A complete Chinese takeover of the port in Doraleh along the lines of what happened to Sri Lanka’s Hambantota could have consequences for supplying the 4,000 or so troops that the US maintains at its base in Djibouti.
At the same time, there are signs that China may not be entirely pleased with the Guelleh regime. According to a report by the Australia-based Lowy Institute in May this year, “the smell of bad business, coupled with corruption and bureaucracy issues, have soured attitudes in Beijing. Djibouti did not help matters by announcing that it would re-tender contracts with China on two airports last October.”
Observers believe the move is likely posturing on the part of the Djibouti government and given Beijing’s strong and rising influence over the country that Chinese companies will ultimately get the re-tendered contracts.

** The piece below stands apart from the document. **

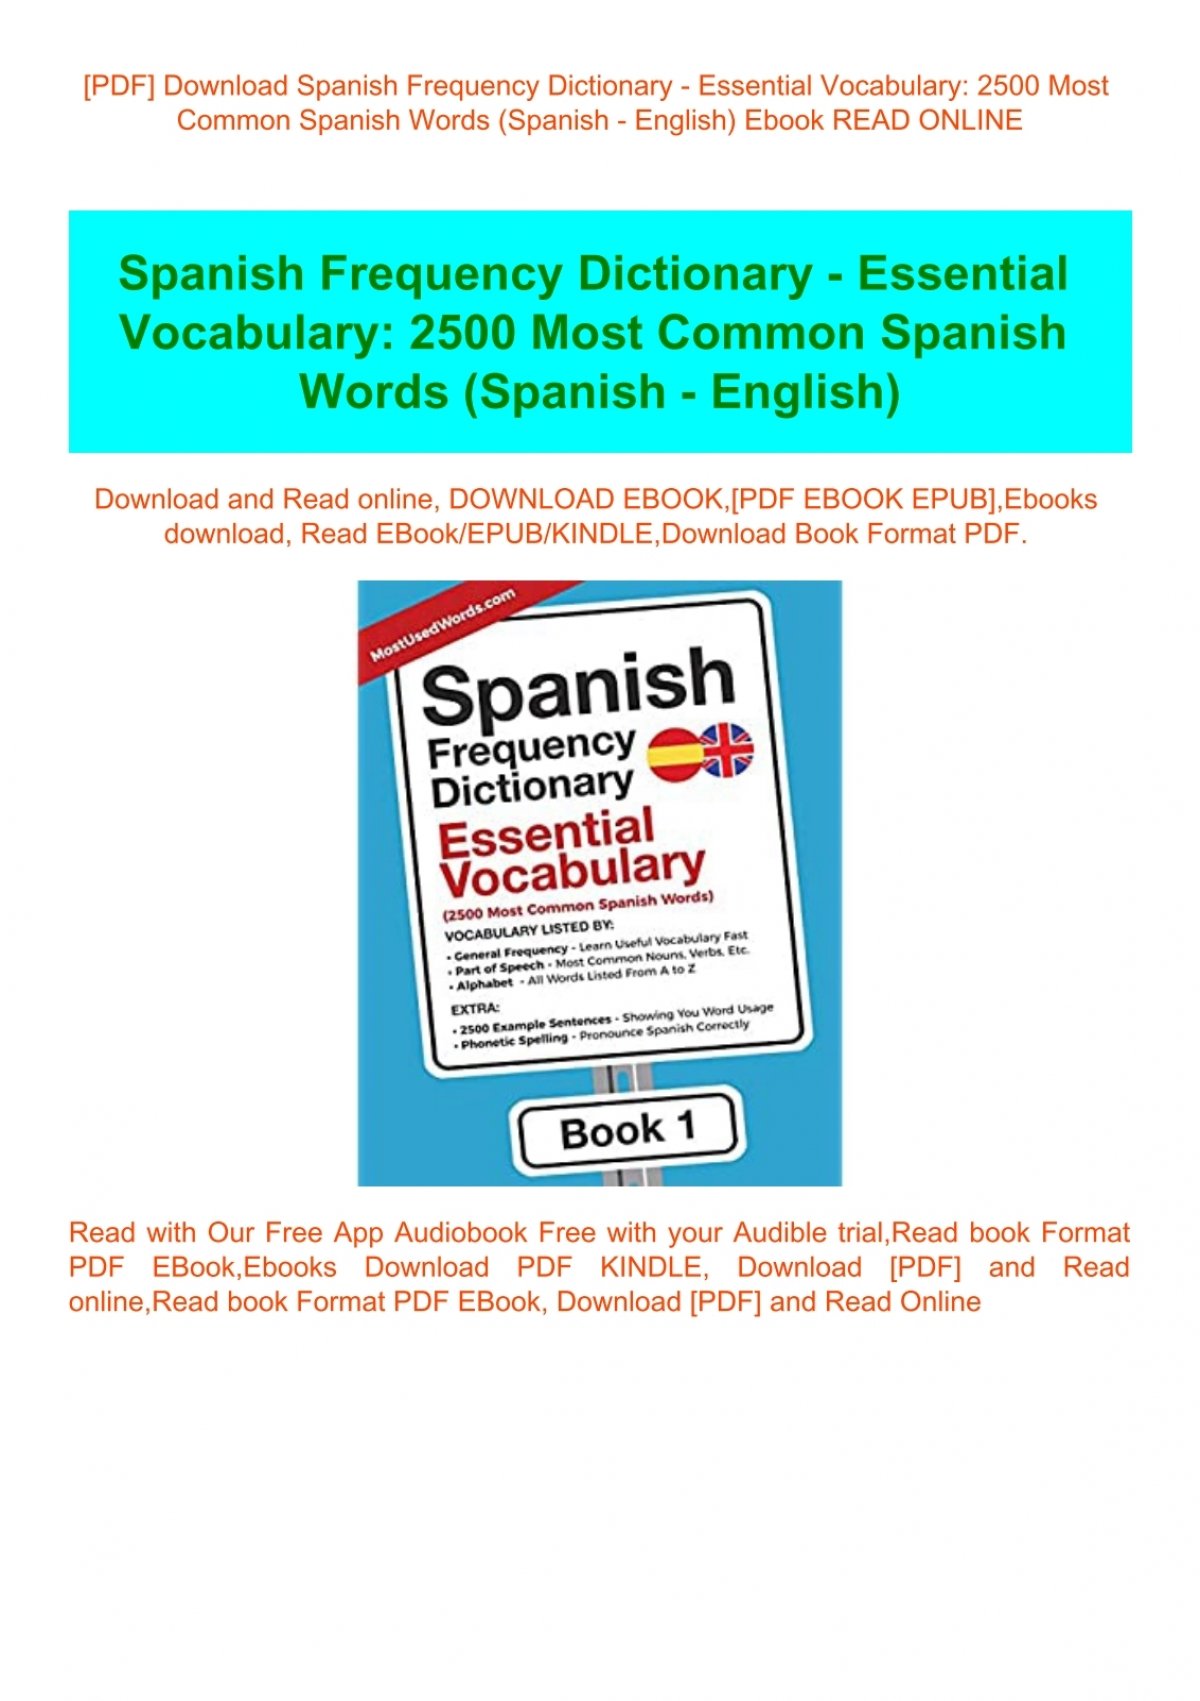 pdf-download-spanish-frequency-dictionary-essential-vocabulary-2500

According to The Maritime Executive, a leading publication of global maritime news, “Djibouti is not a signatory to the World Bank’s International Center for Settlement of Investment Disputes. Given the authoritarian nature of the government, the level of opacity in business transactions is likely to expose companies to corruption and compliance risks.”
The Djibouti government’s takeover this year of the Doraleh Container Terminal from contracted Dubai operator DP World and subsequent non-adherence to a ruling in favor of the company handed down by the London Court of International Arbitration underscored the risk of doing business with the Guelleh regime.
While the West may lament such arbitrary and legally questionable moves, without a change in government, Western nations have few avenues to force change. And despite the setbacks for China over the airport projects, its dominant role in Djibouti is still secure.
China’s emerging strong position in Djibouti will inevitably have implications for the geopolitical balance of the entire Indian Ocean region. The question is whether the present political stability will hold, or if Djibouti’s authoritarian regime will be plunged into the same political pandemonium that has plagued its neighbors.
If that eventually happens, Djibouti’s current balancing act between Chinese and Western base operators could be thrown off-kilter. For the tiny, strategically positioned nation on the Horn of Africa is already a superpower playground where even the slightest misstep could seemingly trigger a wider conflict.